◆ The problem
An exact repetition of the data below, without images, is the expected answer.

◆ Input data
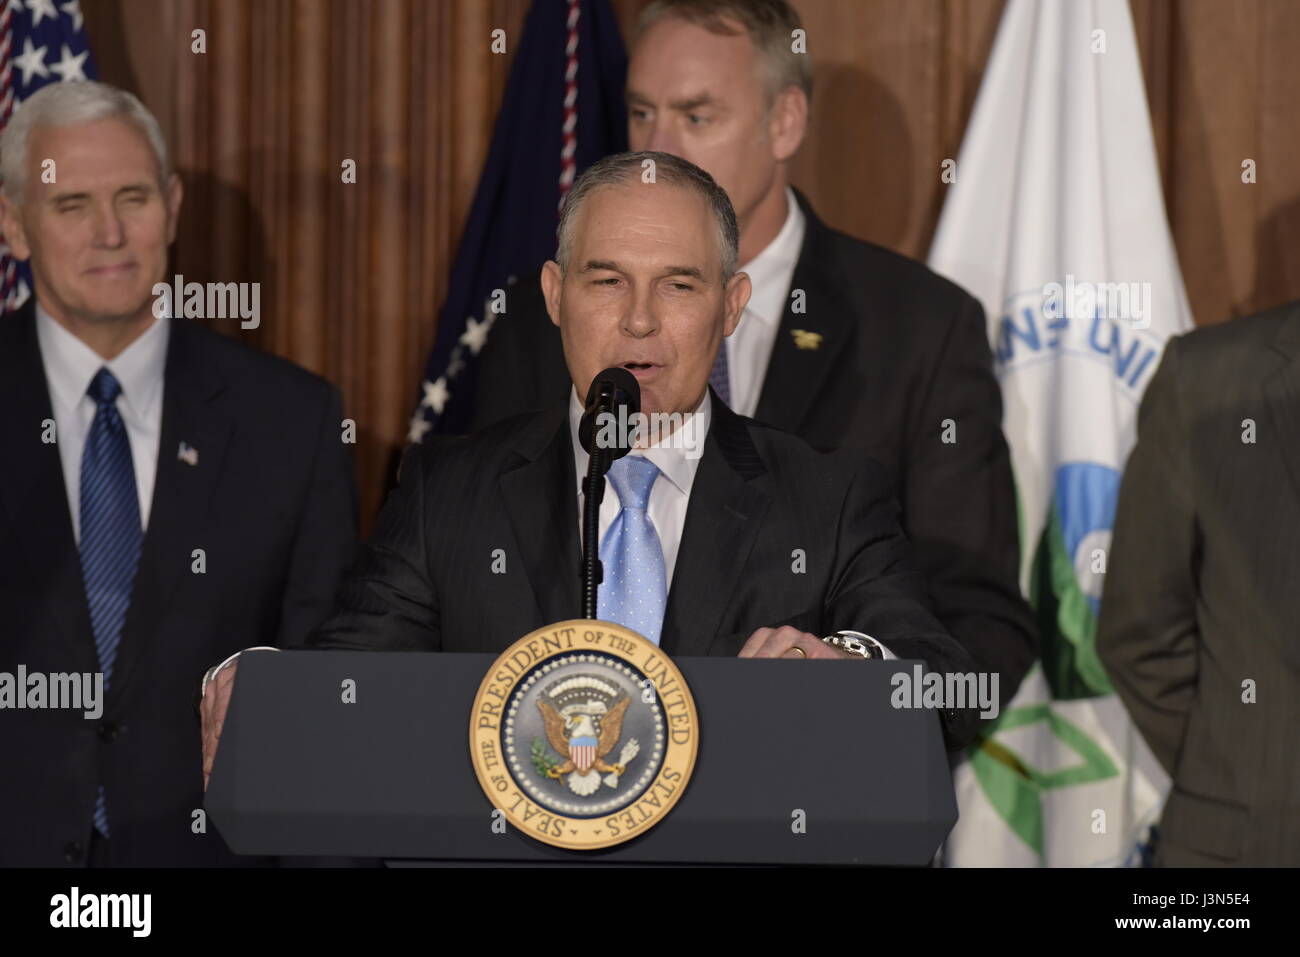 U.S. EPA Administrator Scott Pruitt delivers remarks at a signing ceremony for a series of anti-environmental executive orders aimed at repealing restrictions on coal at the Environmental Protection Agency headquarters March 28, 2017 in Washington, DC. The orders roll back at least 10 major Obama environmental regulations and fulfills a wish list from the fossil fuel industry. Stock Photo
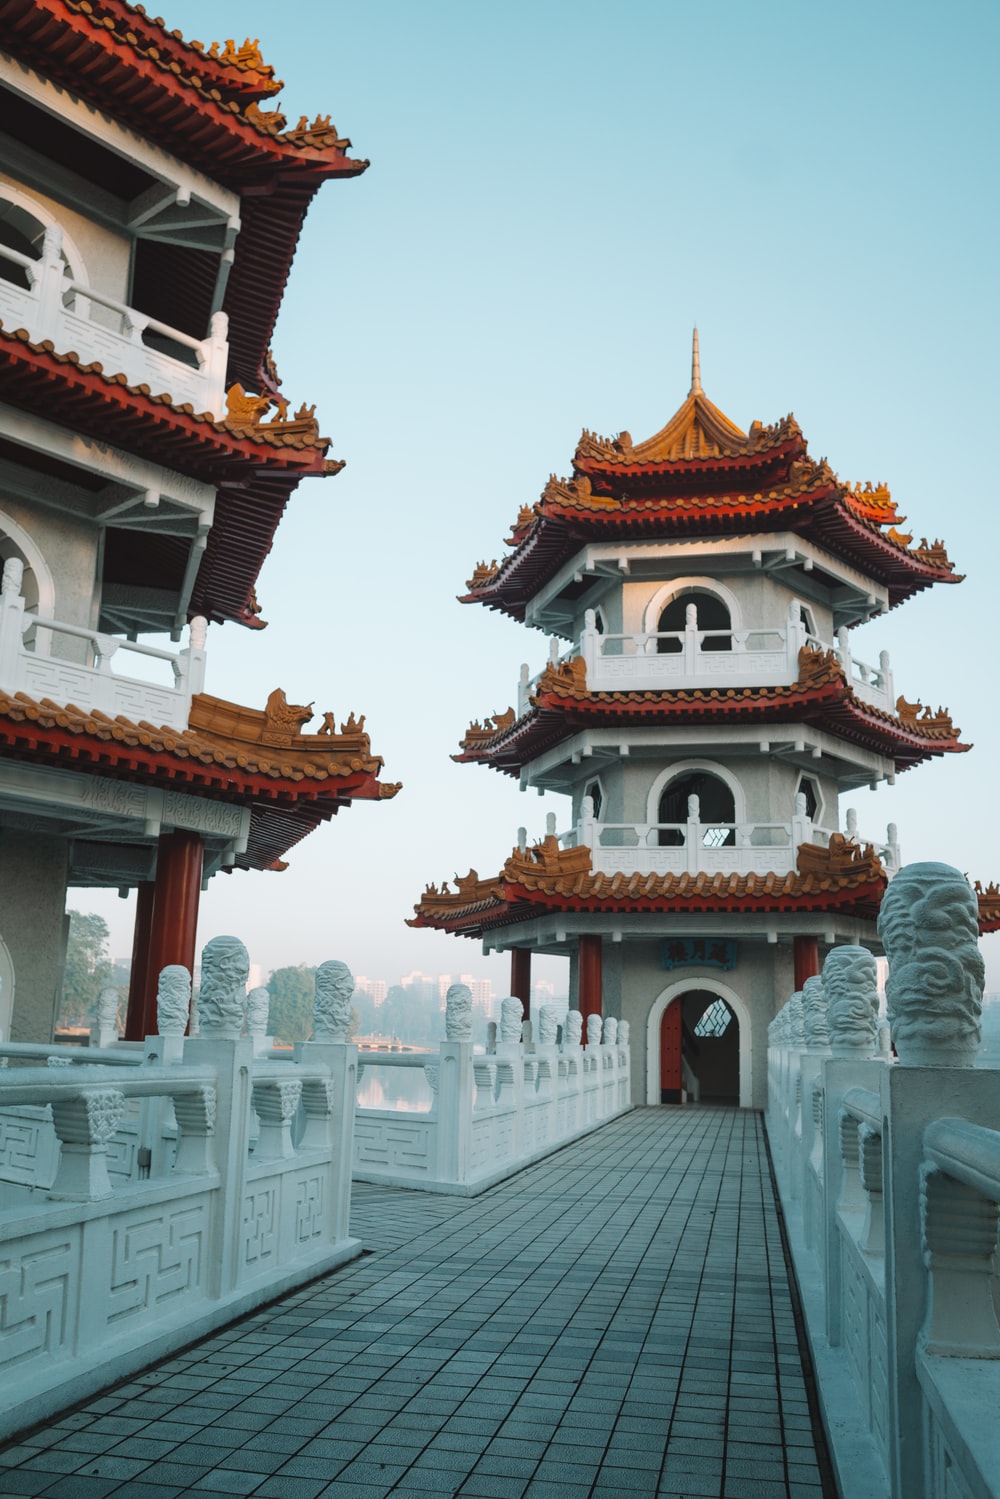 1K+ Chinese Temple Picture. Download Free Image
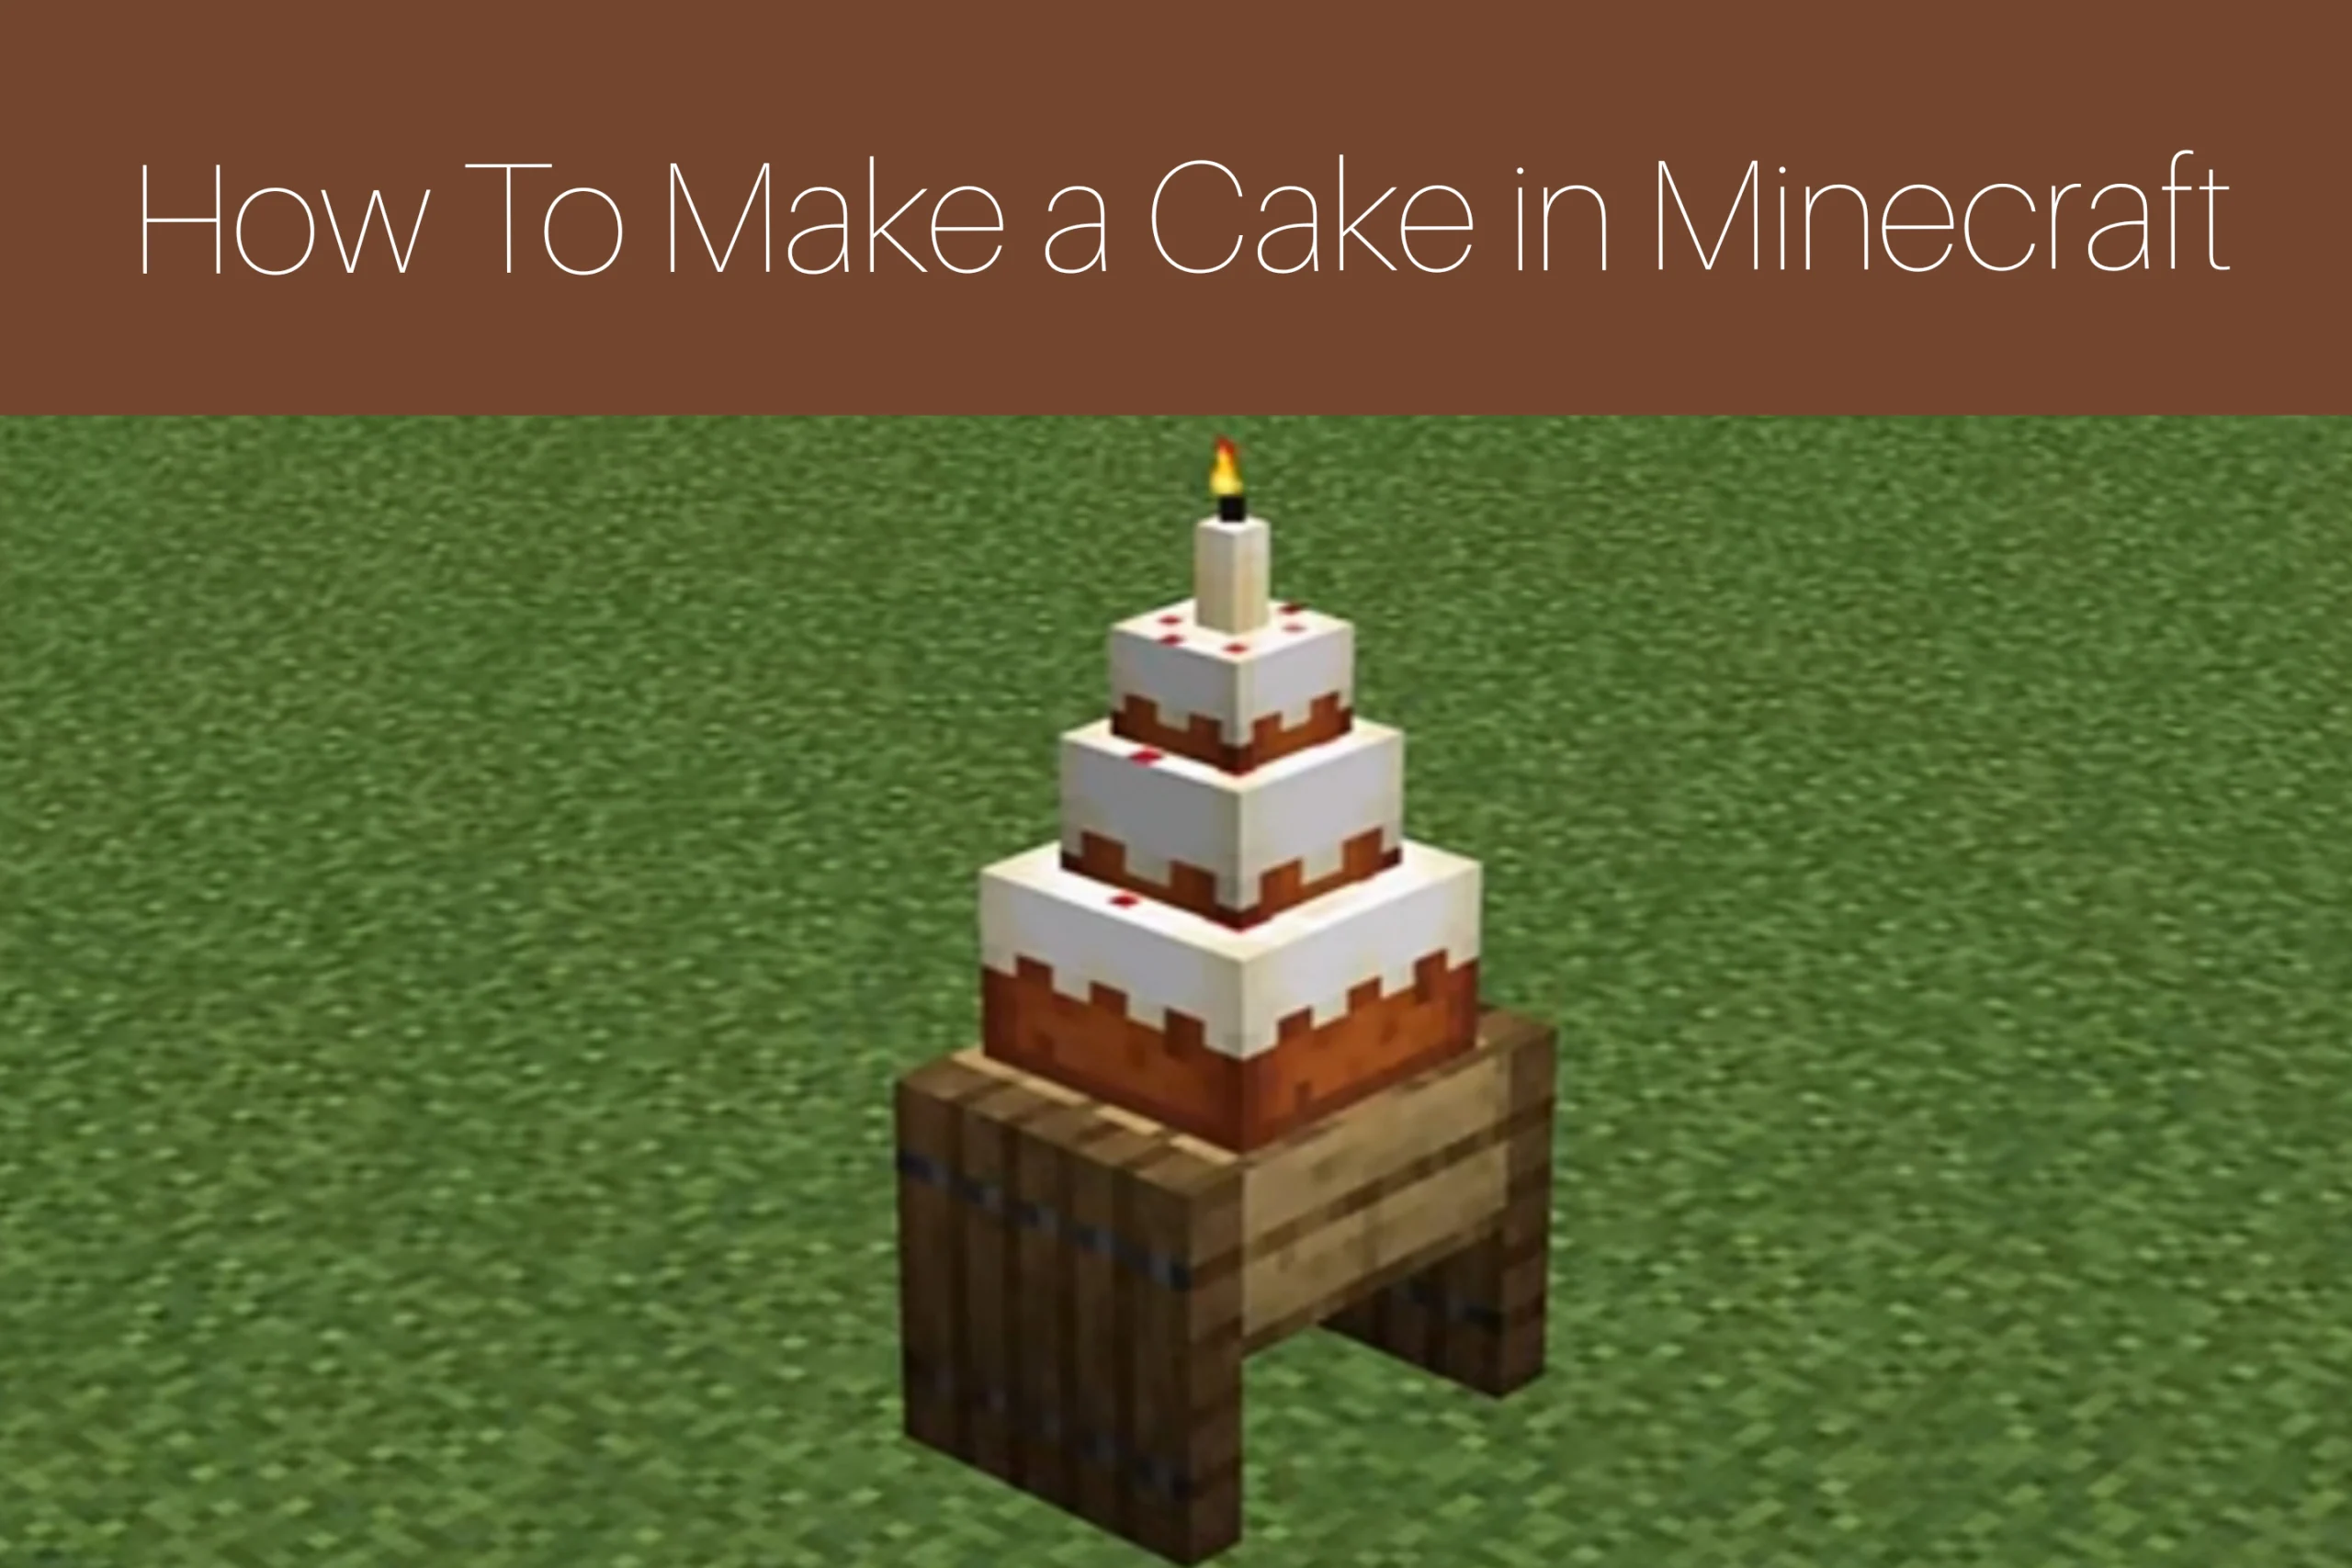 How To Make a Cake In Minecraft

◆ Worked solution
 U.S. EPA Administrator Scott Pruitt delivers remarks at a signing ceremony for a series of anti-environmental executive orders aimed at repealing restrictions on coal at the Environmental Protection Agency headquarters March 28, 2017 in Washington, DC. The orders roll back at least 10 major Obama environmental regulations and fulfills a wish list from the fossil fuel industry. Stock Photo
 1K+ Chinese Temple Picture. Download Free Image
 How To Make a Cake In Minecraft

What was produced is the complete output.